None of them could say a word, for the simple reason that each of them was so boiling mad he couldn't speak. Finally, after they had showered and were climbing into their bunks, Tom spoke for the first time since leaving Vidac.

"I have to write a report to Captain Strong," he said, when Roger started to turn out the light. "Better leave it on a while, Roger."

"O.K., Tom," said Roger. "Are you going to tell him what's going on here?"

"Yeah," growled Astro. "Give him the whole works. There's something wrong here somewhere. I can understand the professor blasting his jets. He does that all the time. But I can't understand Vidac acting the way he does."
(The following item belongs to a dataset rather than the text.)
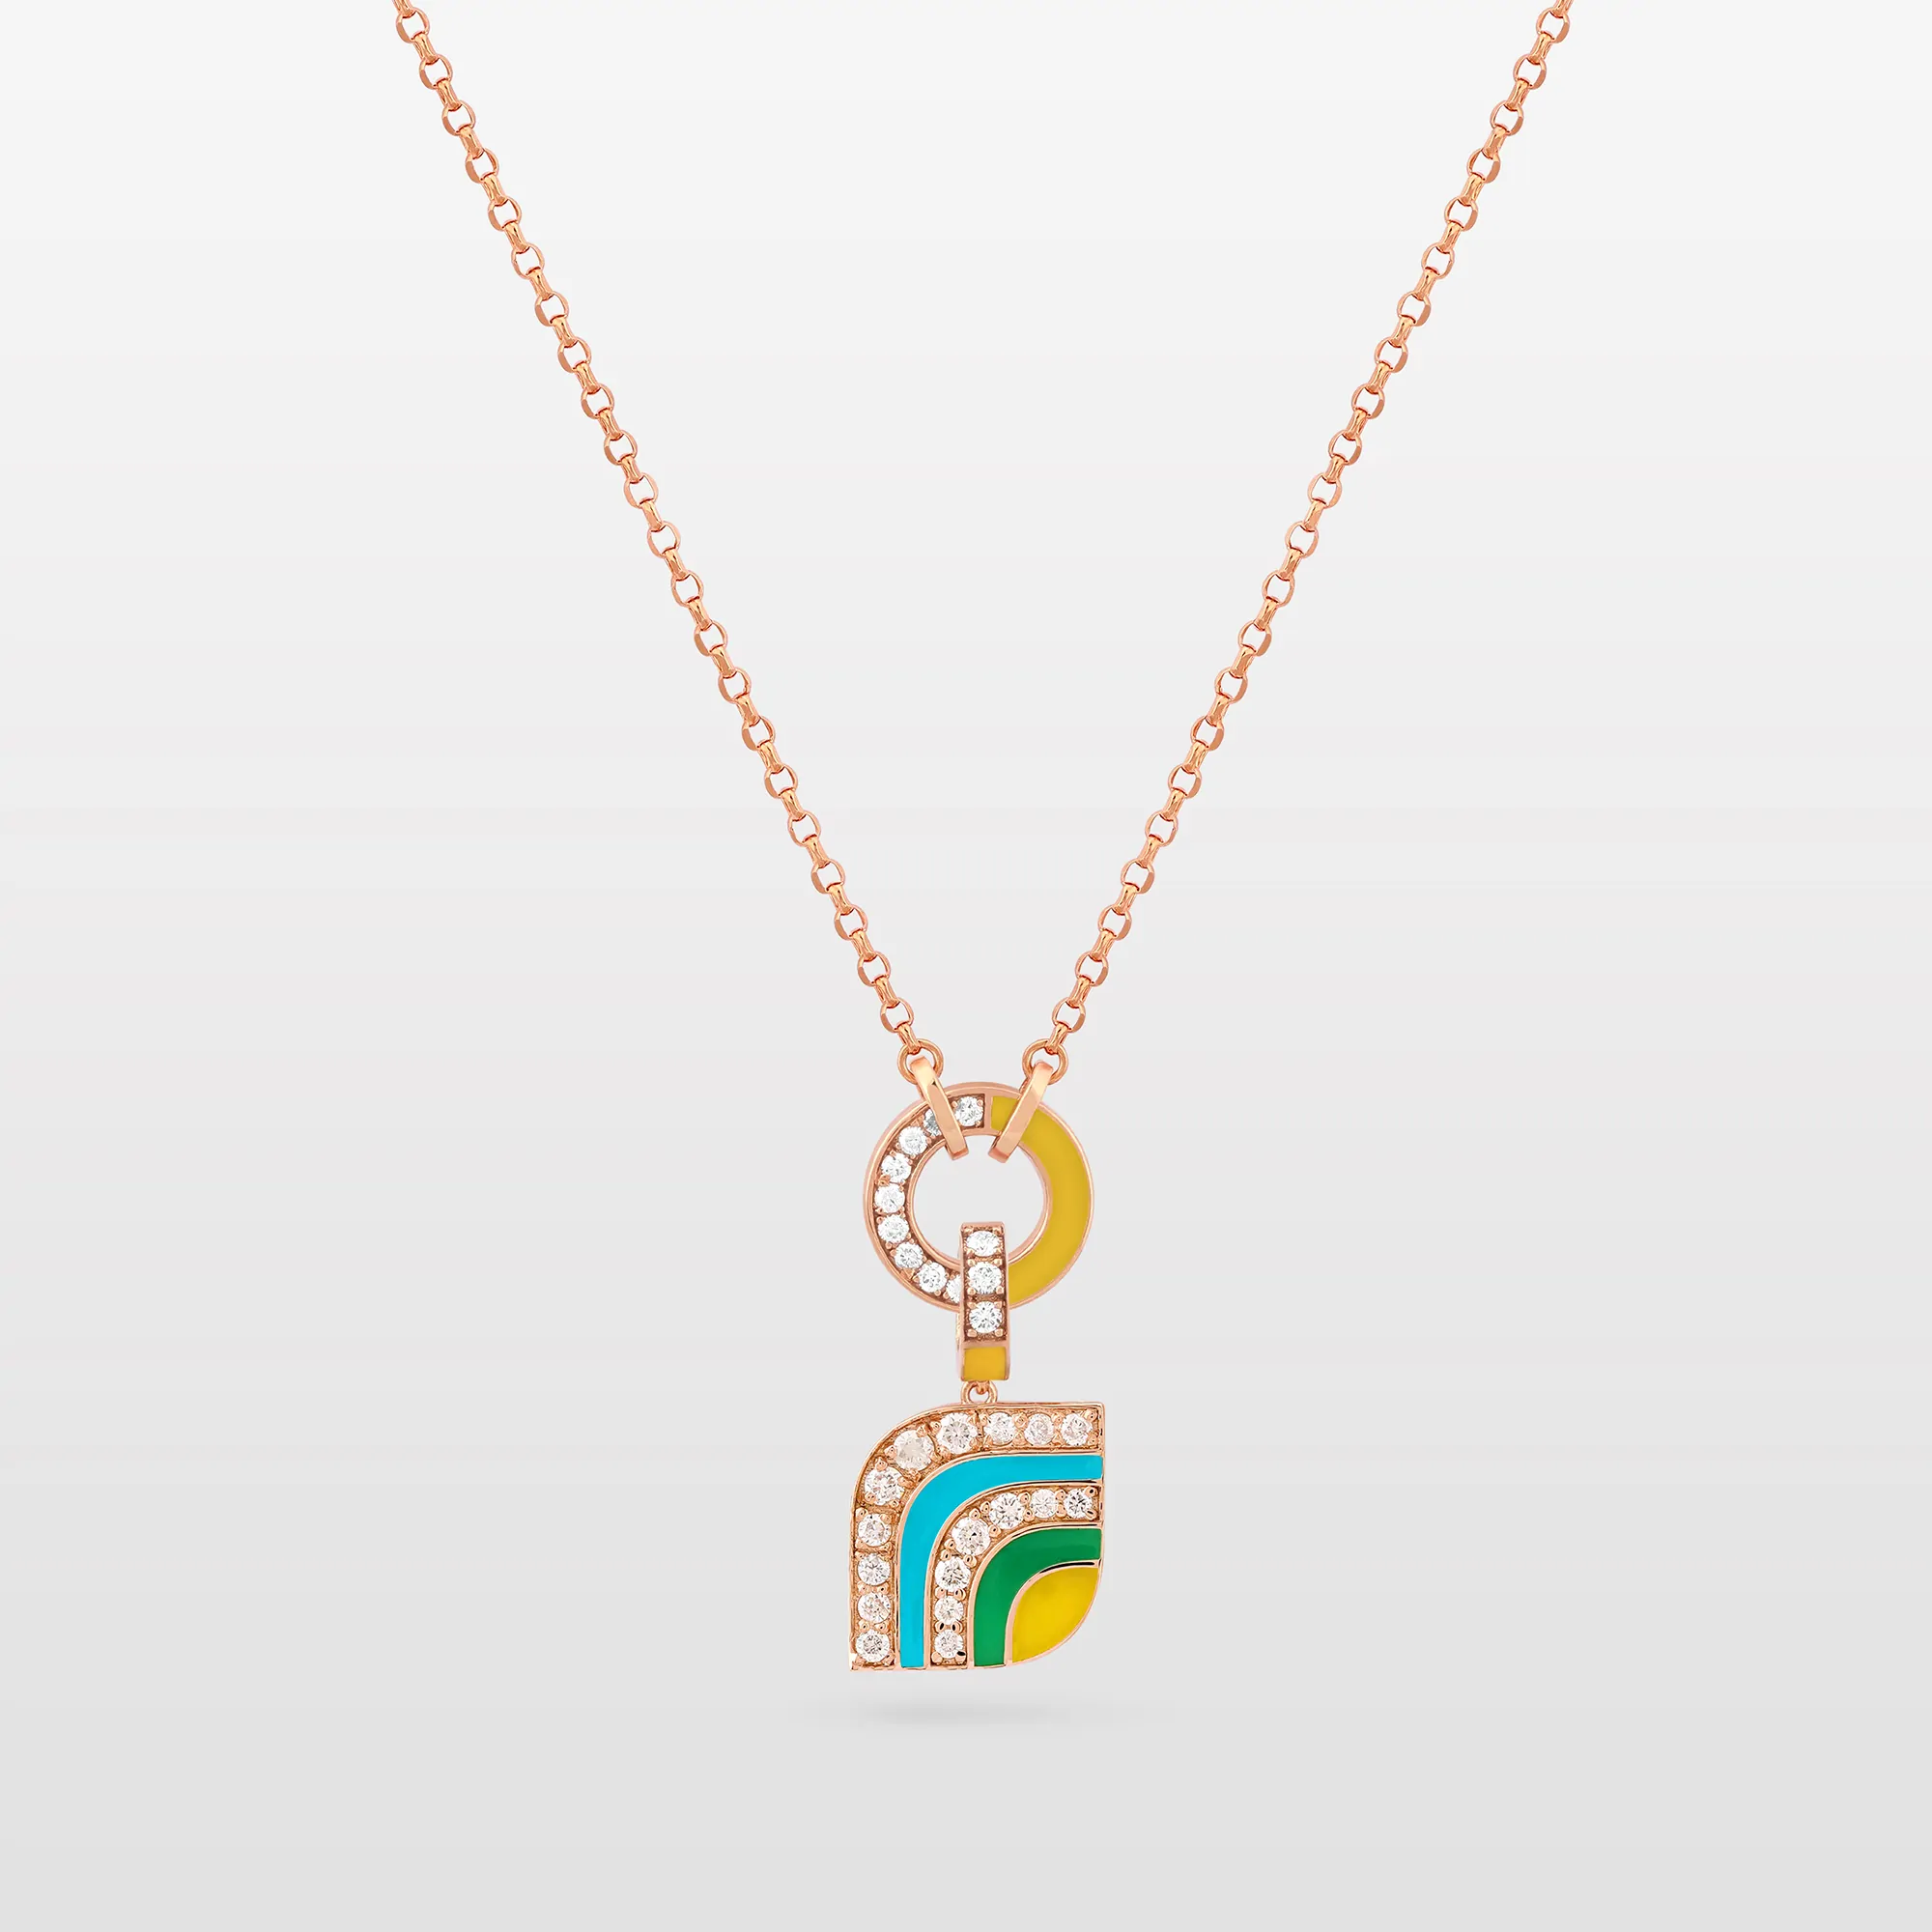 The Rainbow Connection Necklace
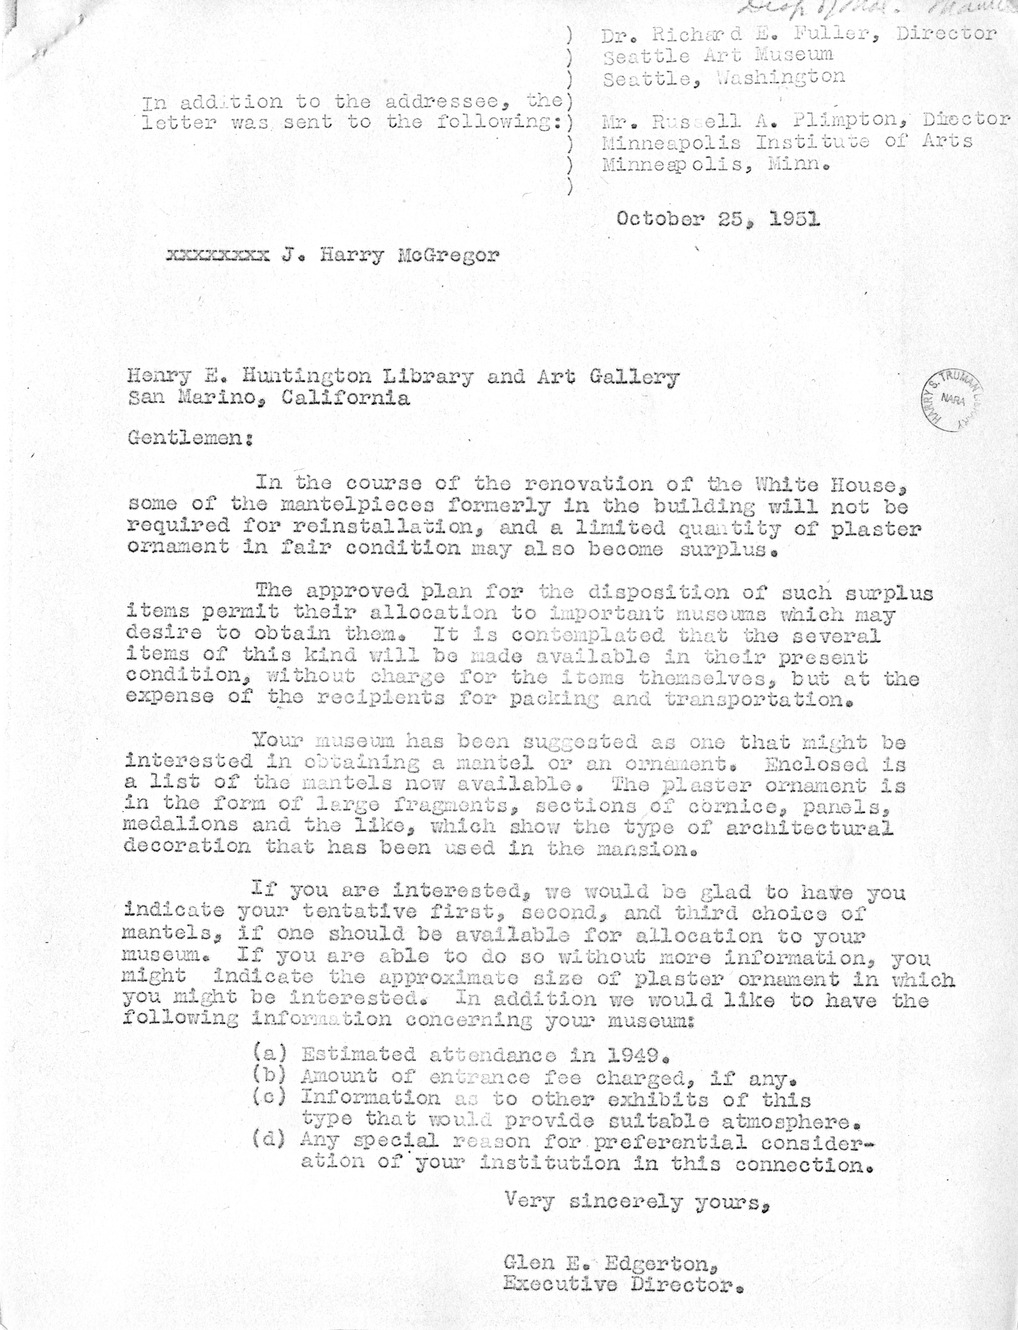 Letter from Major General Glen E. Edgerton to Various Recipients, with Attachment

"I feel the same way, Astro," said Tom, "but actually what are we going to say to Captain Strong? So far nothing concrete has happened." He shook his head. "I'm afraid if I put what happened down on an audioscriber that it'll look as though we've suddenly become cry-babies!"

"I'm ready to quit!" said Roger. "Grab a freighter and blast outta here. A whole year with this guy! There's no telling what he's liable to do!"

Tom leaned over the table and stared at the bulkhead in front of him. He clenched his fists. Needless to say, he agreed with Roger, he had the same feelings. But he was powerless to do anything about it.